Get Free WhatsApp Updates!
Notices, Deadlines & Correspondence

Patent Information

Application #

Filing Date

18 July 2025

Publication Number

30/2025

Publication Type

INA

Invention Field

COMPUTER SCIENCE

Status

Parent Application

Applicants

MLR Institute of Technology

Hyderabad

Inventors

1. Mrs.Chandana

Department of Information Technology, MLR Institute of Technology, Hyderabad

2. Mr.Anwar Ali

Department of Information Technology, MLR Institute of Technology, Hyderabad

3. Dr.B.Varija

Department of Information Technology, MLR Institute of Technology, Hyderabad

4. Mr. G.Vidyasagar

Department of Information Technology, MLR Institute of Technology, Hyderabad

Specification

Description:Field of Invention
The present invention relates to the field of digital image forensics, more specifically to image splicing detection using advanced computational methods. It encompasses techniques from machine learning, deep learning, and quantum machine learning for detecting image tampering, with applications in areas such as digital security, media authentication, legal evidence verification, and content integrity validation.
Background of the Invention
Key-point based techniques have proved beneficial in providing a higher detection accuracy for copy-move forgery incidents. Some of these techniques require heavy processing time and are computationally expensive, for example, the camera-based forensics techniques.

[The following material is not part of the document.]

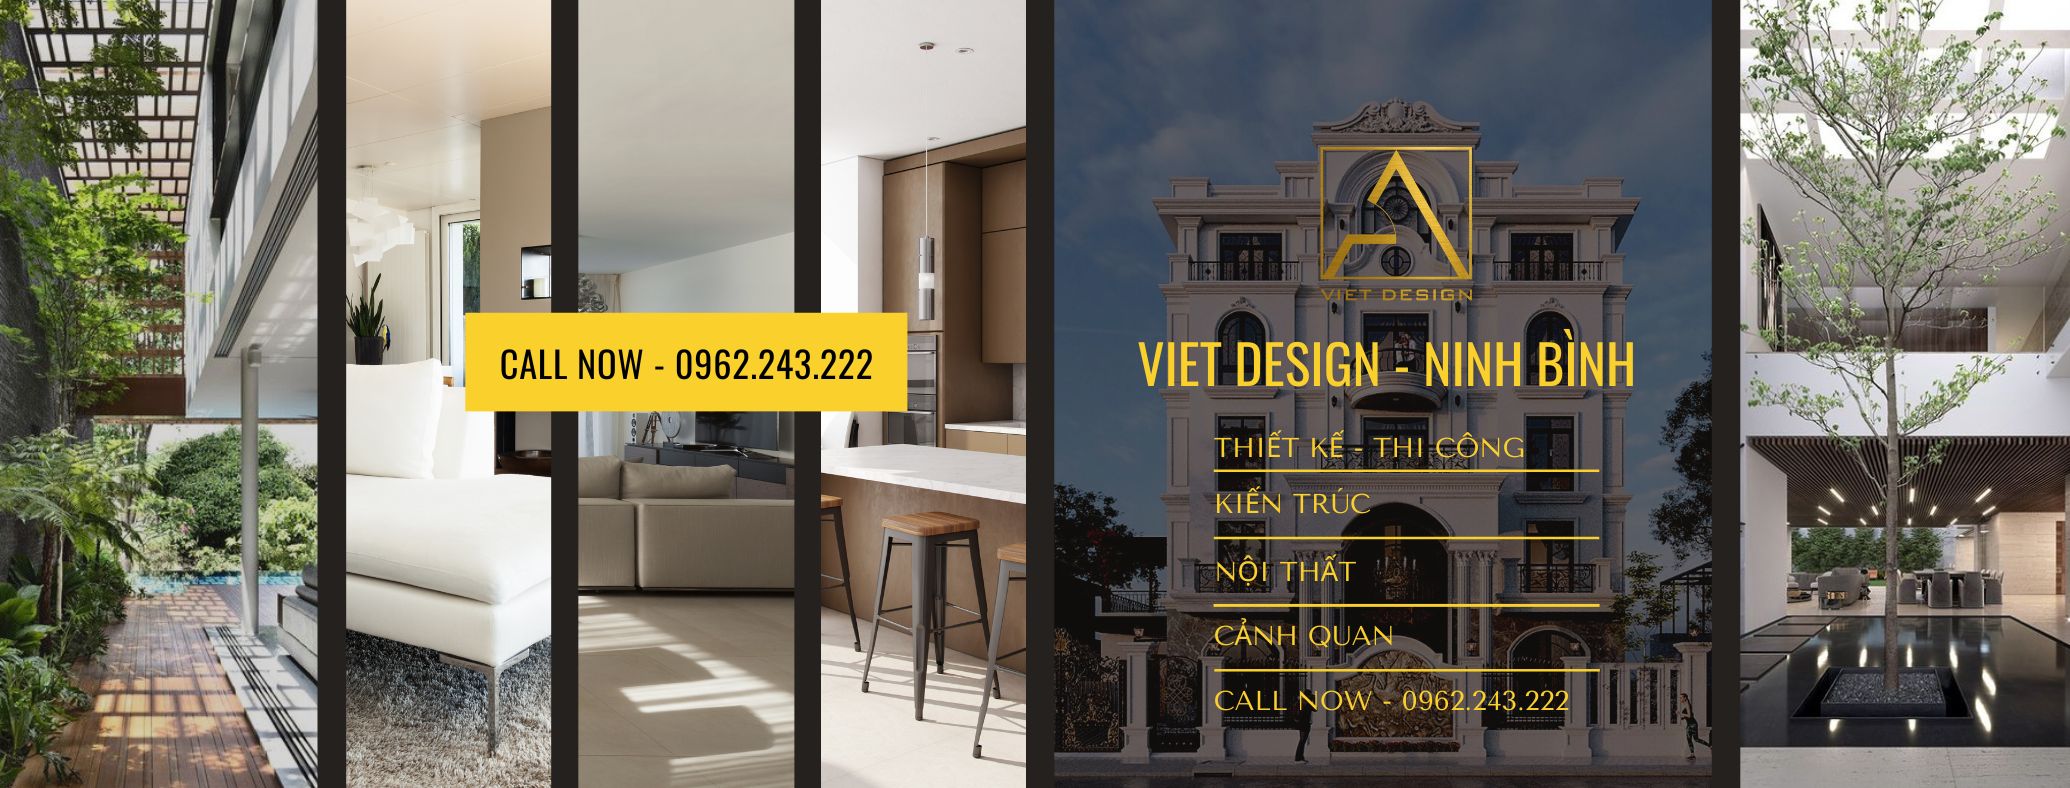 Viet Design - Thiết Kế Nhà Đẹp Ninh Bình ảnh 1

The techniques are still evolving to solve the complex image forgery problems like image splicing detection. Appropriate feature engineering (and/or feature selection) is an utmost step prior to selecting an appropriate classifier for the problem at hand. If the primary step fails, the classifier will not be able to make accurate predictions. Existing machine learning models have provided a higher detection accuracy on realistic image splicing datasets compared to the visually perceptible (or coarsely) spliced datasets. Selection of good and less features for quickly and accurately classifying image splices is still evolving. Feature engineering process can be avoided by allowing the deep learning model with several layers to learn meaningful representations from the input data provided with the help of a feedback mechanism. The deep learning models therefore help in identifying features that human beings would not normally process. Even a shallow deep learning network makes good predictions. An end-to-end deep learning model requires a larger training set which may not always be possible. Transfer learning approaches can help but may not be able to solve specific (peculiar/ unique) cases at hand. But these models with the support of GPU can speed up the entire learning and testing process unlike the computationally expensive feature engineering processes. Existing deep learning frameworks for image splicing detection are computationally complex in nature and rely on pre-trained models. Most have implemented deep learning only for the use of feature engineering and then classified the features using machine learning models. Quantum computing systems have proved to be effective in solving complex problems in polynomial time compared to classical systems which take exponential time to solve the same problem. Machine learning problems like optimization could be effectively solved using supervised quantum machine learning (QML) techniques. The results have shown an increase in the performance accuracy of QML has been explored in different areas of pattern classification but remains unexplored in the area of passive blind image splicing classification (US20230110591A1).
Recent studies have greatly applied the discrete wavelet transform and discrete cosine transform, and their variants, to extract relevant features for image splicing detection. Some of these techniques also applied the transforms to extract the noise inconsistencies for classifying authentic vs. spliced images. The fast Fourier transform has also been applied, while other approaches have used higher-order statistics or local binary and ternary patterns for the feature extraction process. Recent techniques use deep learning models in combination with feature transform techniques or independently to engineer features that are then passed onto machine learning classifiers. The most popular classifier for image splicing detection has been the support vector machine, followed by ensemble models like Bagging, AdaBoost, and Random Forest, distance-based classifiers like K-nearest neighbors, probabilistic models like logistic regression and Bayesian models, and linear models based on perceptron like neural networks and their variants. Most of these techniques pre-process the images before extracting features, such as converting the RGB image to gray-level or YCbCr format.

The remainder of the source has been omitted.